Toujours est-il que Mbaye Touré et Khalifa Sall semblent être sonnés par cette ligne de défense de leurs coprévenus. ‘’Ma conviction est que ce sont des fonds politiques. On a de très bons rapports et ça va continuer. Ce n’est pas par animosité ni par rancœur. Je le dis, parce que c’est la vérité’’, a répondu le Directeur administratif et financier. Le maire a pour sa part répondu par le mépris. ‘’C’est cela qui me fait sourire, en les entendant dire que les FP n’existent pas au Sénégal. Ils peuvent se défendre comme ils veulent. Je les comprends, mais ils savent que le dispositif qui existe depuis 1983 jure d’avec la pratique et la réglementation’’, soutient avec désolation l’édile. Avant de conclure : ‘’Ils disent qu’ils n’existent pas, je l’accepte. Mais les faits sont têtus, cette caisse d’avance est un fonds politique.’’  

ENIEME INCIDENT D’AUDIENCE

Me Ousseynou Fall exclu puis ‘’repêché’’

N’eût été la médiation des avocats membres du dispositif de veille mis en place dans le cadre du procès Khalifa Sall par le bâtonnier, Me Ousseynou Fall serait dans le même cas que Me El Hadj Diouf. La robe noire a été exclue par le président Malick Lamotte qui est finalement revenu sur sa décision, après 30 minutes de conciliabules.

S’il fallait, à ce stade du procès de Khalifa Sall, décerner une distinction à l’avocat qui aura créé le plus d’incidents, la palme reviendrait sans doute à Me Ousseynou Fall. Il ne se passe presque pas un jour sans que la robe noire soit aux prises, soit avec le procureur Serigne Bassirou Guèye, soit avec le président Malick Lamotte. Hier, c’est avec ce dernier qu’il a eu une prise de gueule qui lui a valu une expulsion. En fait, lorsque son tour de prise de parole est arrivé, Me Fall a estimé devoir faire une observation avant de poser des questions aux prévenus. Mais il a buté sur le veto du président Malick Lamotte qui lui a lancé d’un ton ferme : ‘’Ce n’est pas le moment de faire des observations, mais de poser des questions.’’

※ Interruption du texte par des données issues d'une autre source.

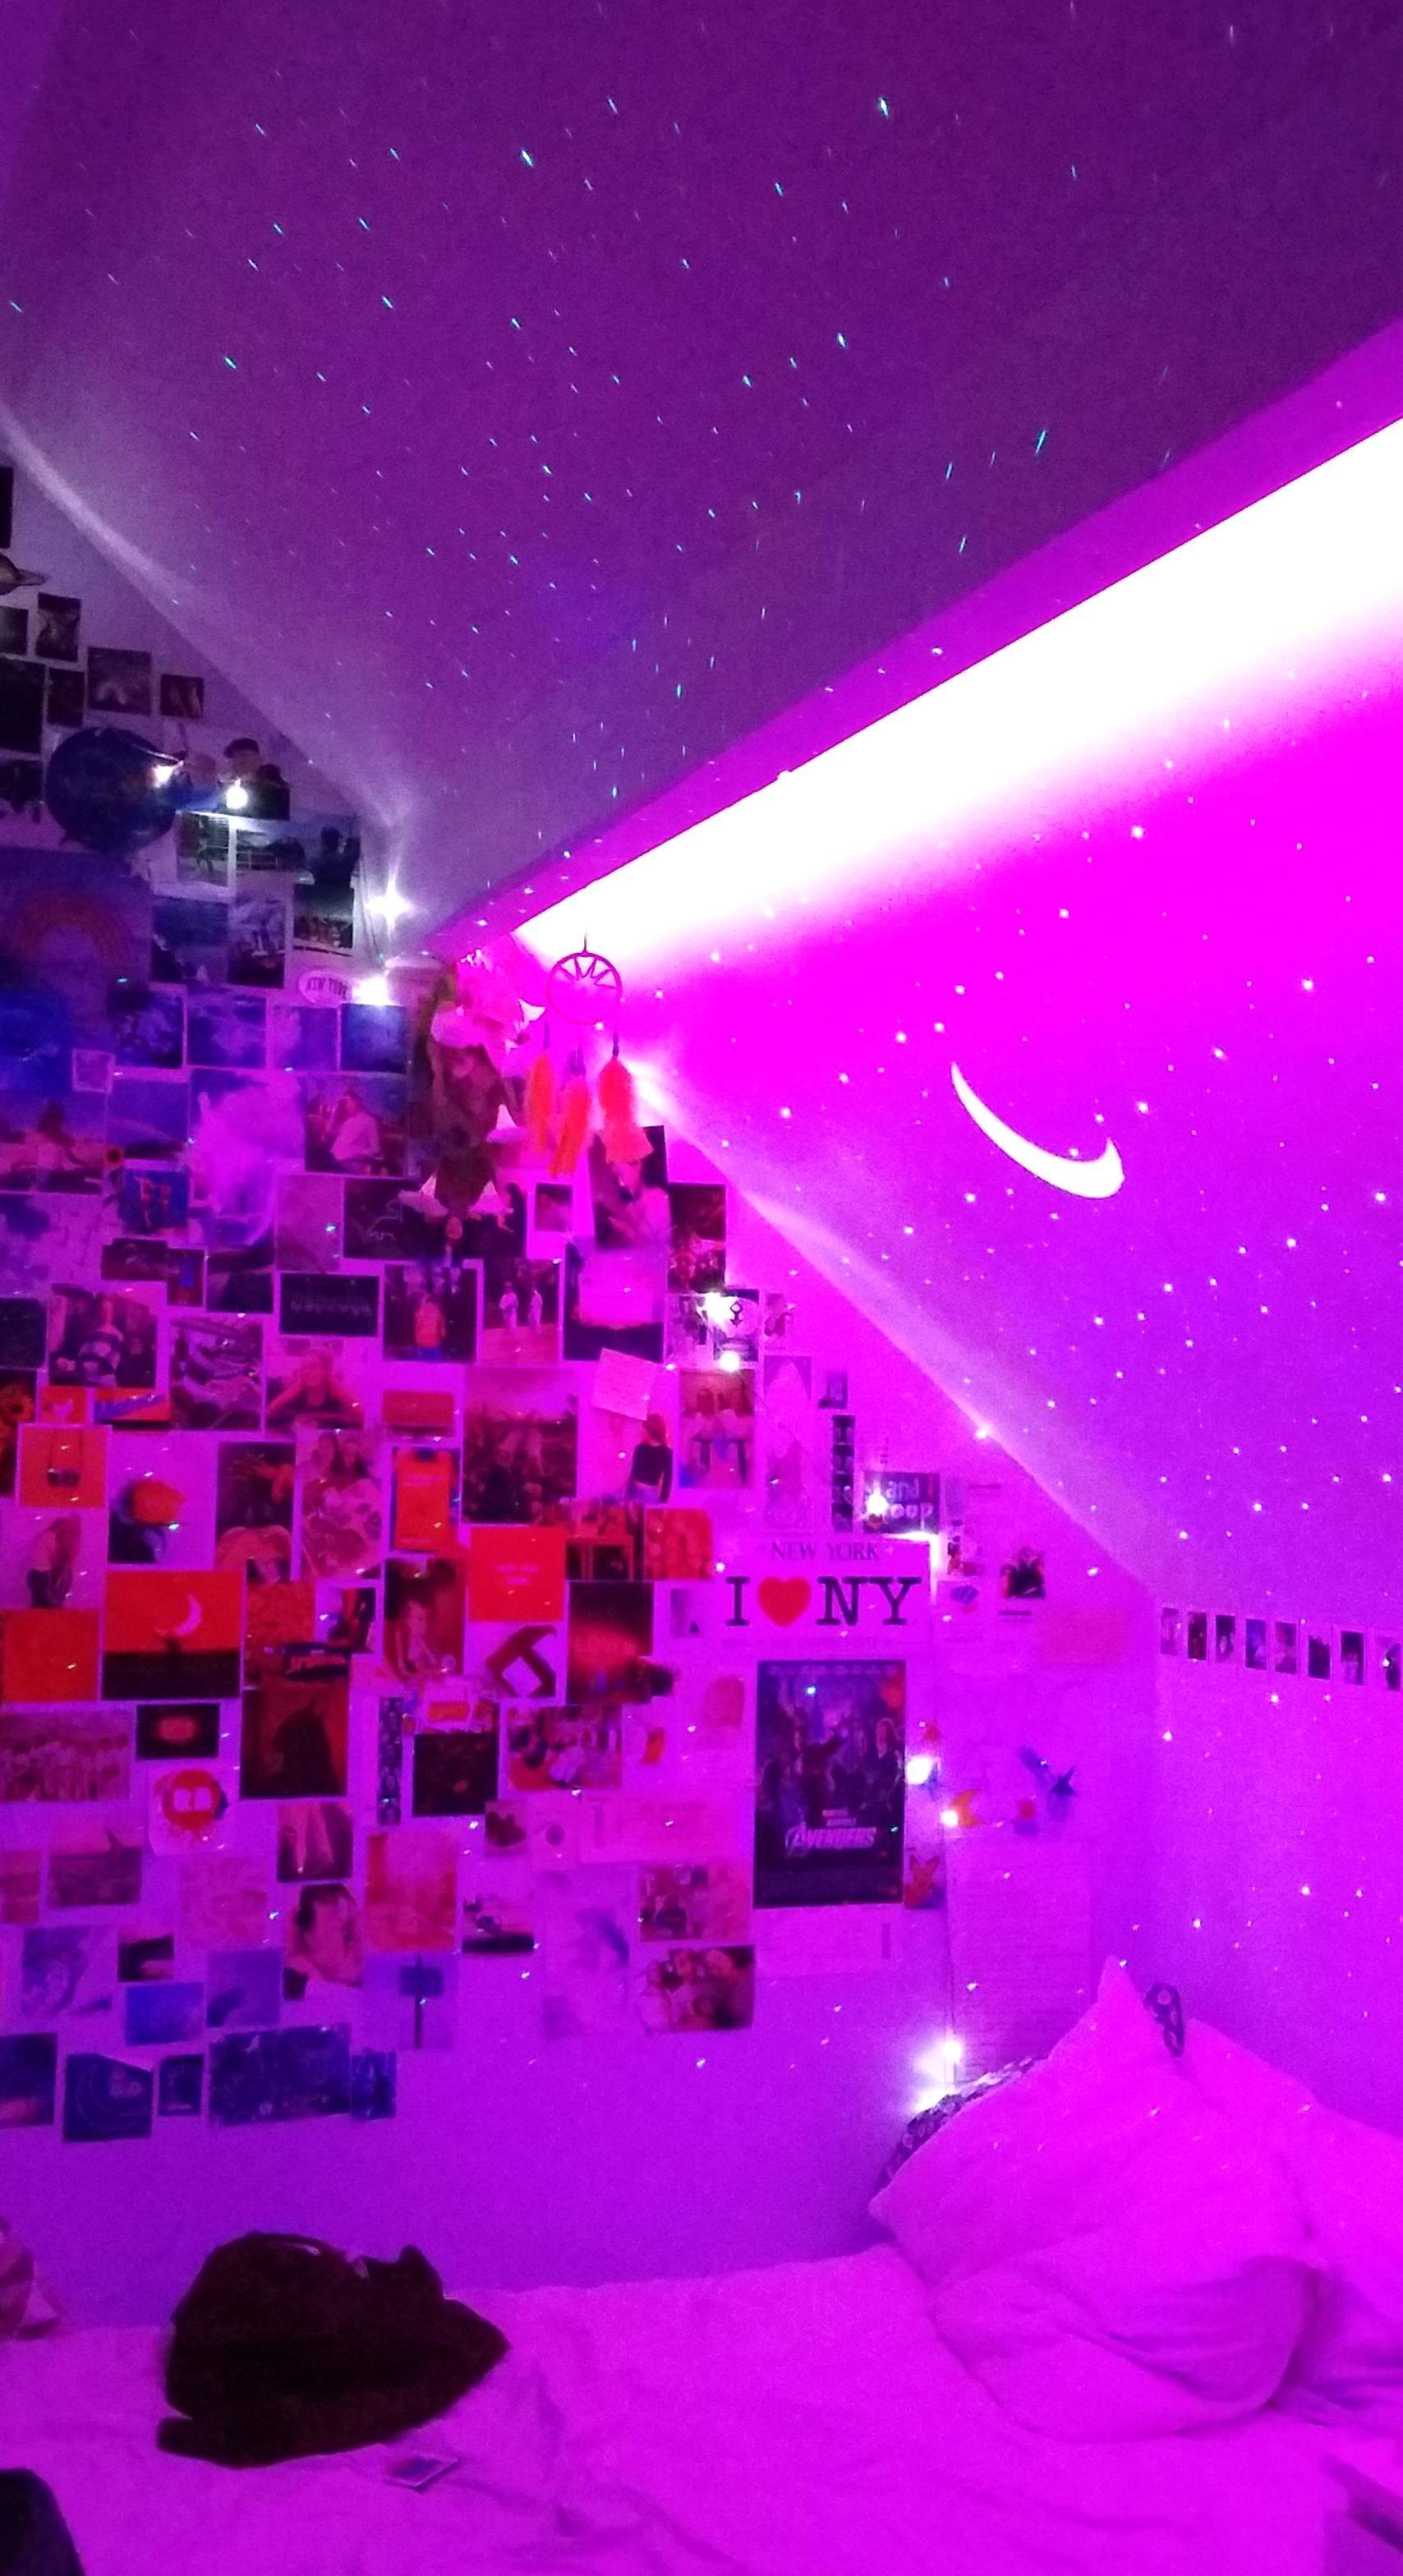 Aesthetic Tik Tok Room Led Lights Collage Wall Vsco Room Skylite Projector Bedroom Inspo In 2020 Neon Room Room Inspiration Bedroom Indie Room

Cette mise au point est tombée dans l’oreille d’un sourd, puisque le conseil entendait faire son observation. ‘’Je vous le demande respectueusement et solennellement. J’ai été conciliant pour la bonne continuation des débats, mais depuis hier (mercredi), vous ne cessez d’interférer sur nos questions, alors qu’un avocat est libre et bénéficie d’immunité de plaidoirie’’, assène la robe noire à l’endroit du juge. De sa voix imposante, le conseil poursuit : ‘’Vous avez fait appel à votre courte carrière de magistrat, moi, je fais appel à mes 35 ans de barre. Je vous respecte, mais on ne me dicte pas la conduite.’’ Le procureur Serigne Bassirou Guèye également en a pris pour son grade, car Me Fall a enchaîné avec lui, en l’apostrophant en ces termes : ‘’M. le procureur, on réagira s’il y a un manquement à l’endroit de nos clients. Il ne faut pas prendre les enfants du Bon Dieu pour des canards sauvages.’’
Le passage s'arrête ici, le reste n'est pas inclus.